Deferred Work – Often, a part of the job in Linux Kernel development is postponed for later. There are several deferred work mechanisms in the kernel for different situations, such as task queues, softirqs, tasklets, workqueues, etc.
Memory Management – Kernel developers should be familiar with two layers of memory management: the native layer (kmalloc/kfree functions) and the slab layer built atop it, designed to store structures of varying sizes in different caches to prevent memory fragmentation.
Virtual File System – Irrespective of the type of underlying filesystem (ext3, ext4, zfs, lustrefs, xfs, etc.), the kernel maintains a universal interface over it. A general understanding of VFS is beneficial as filesystem interaction is a common communication method between the kernel and userspace.

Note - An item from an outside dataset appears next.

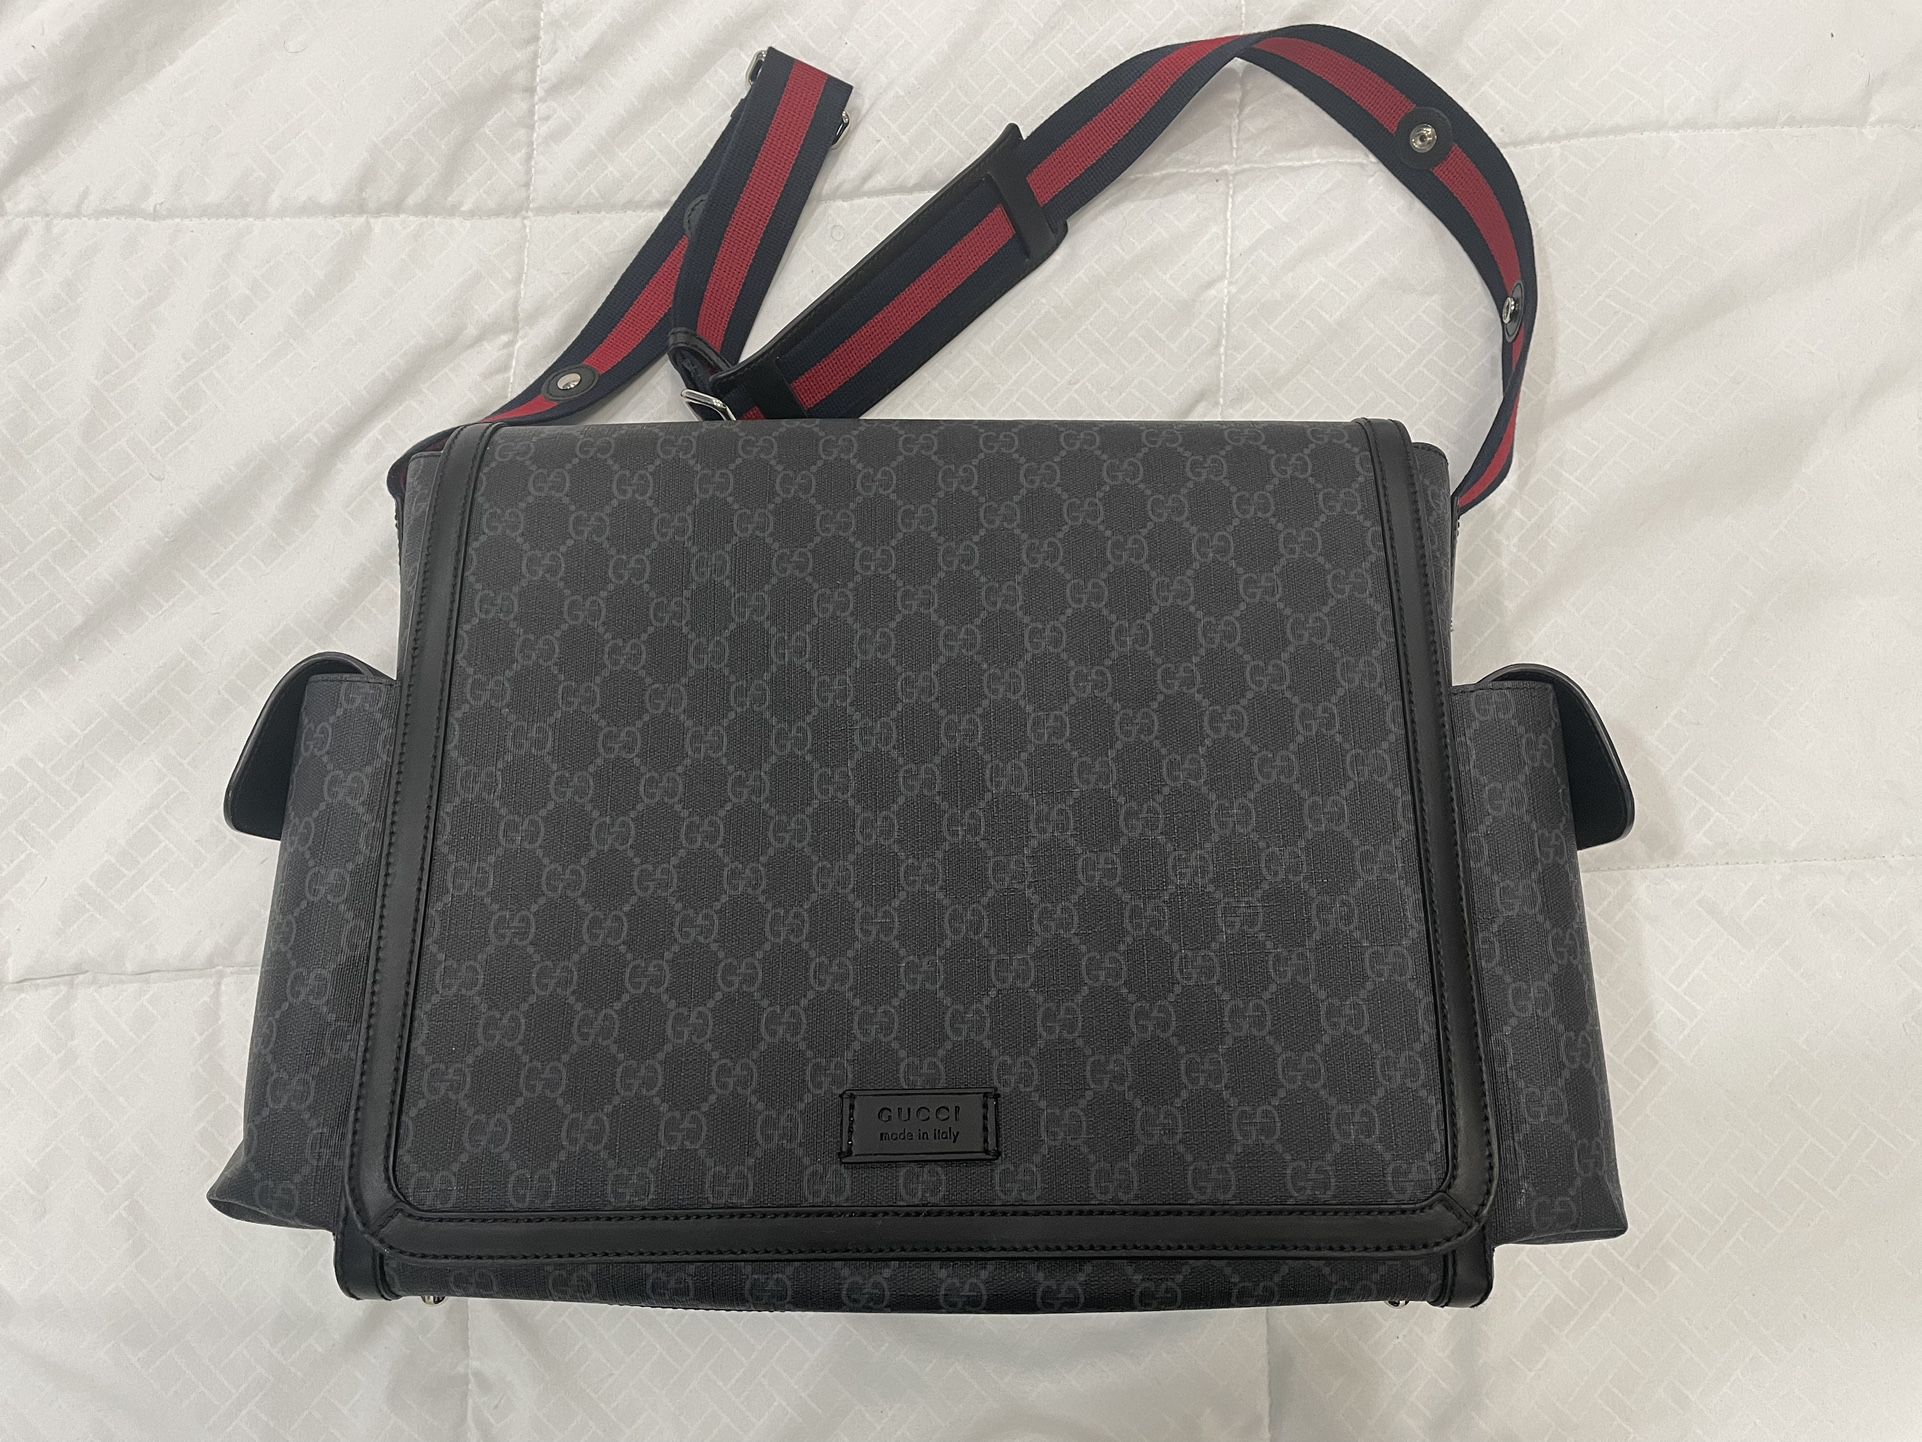 Authentic Gucci GG Supreme Diaper Bag

Scheduler – The scheduler manages all processes in the operating system, both kernel and userspace. Developers should understand its basics.
System Call Interface – The primary communication method between the kernel and userspace is the system call interface. While the libc library in userspace encapsulates it and provides more user-friendly functions, there are times when a system needs to be called directly. This skill is useful for both userspace and kernel programmers.
/sys /proc Directories – These directories are the second most popular way of interaction between the kernel and userspace. It’s worth learning about these structures.
Loadable Kernel Modules – Many Linux Kernel Developers develop drivers for new hardware devices, which are created in the form of Loadable Kernel Modules. These special format binaries can be loaded/unloaded without rebooting the system. Developers should know the structure of the kernel modules in general, additional rules for character, block, and network devices, and the ways of communication with userspace.
Udev – Driver developers should be aware of the Udev subsystem that provides infrastructure to run user scripts when a device is hotplugged.
Fault Injection Framework – This allows testing unusual code paths by injecting error results into typically always-correct functions like malloc in memory allocation.
Kernel Sanitizers – Tools like KASAN, KMSAN, etc., dynamically catch bad situations like memory corruption. It’s worth loading new kernel modules, running workloads, and trying to catch subtle, dynamic bugs.
Locking Correctness Validator – Parts of the kernel/module code implementing complex locking schemes often lead to deadlocks and livelocks. The lockdep runtime validator catches such situations, saving hours of debugging efforts.
Kdump/Kexec – These are particularly useful when it is almost impossible to debug code, especially if it relates to early system boot time code. Kdump/Kexec loads the second crash kernel, which intercepts the crashed kernel and creates its dump for further analysis.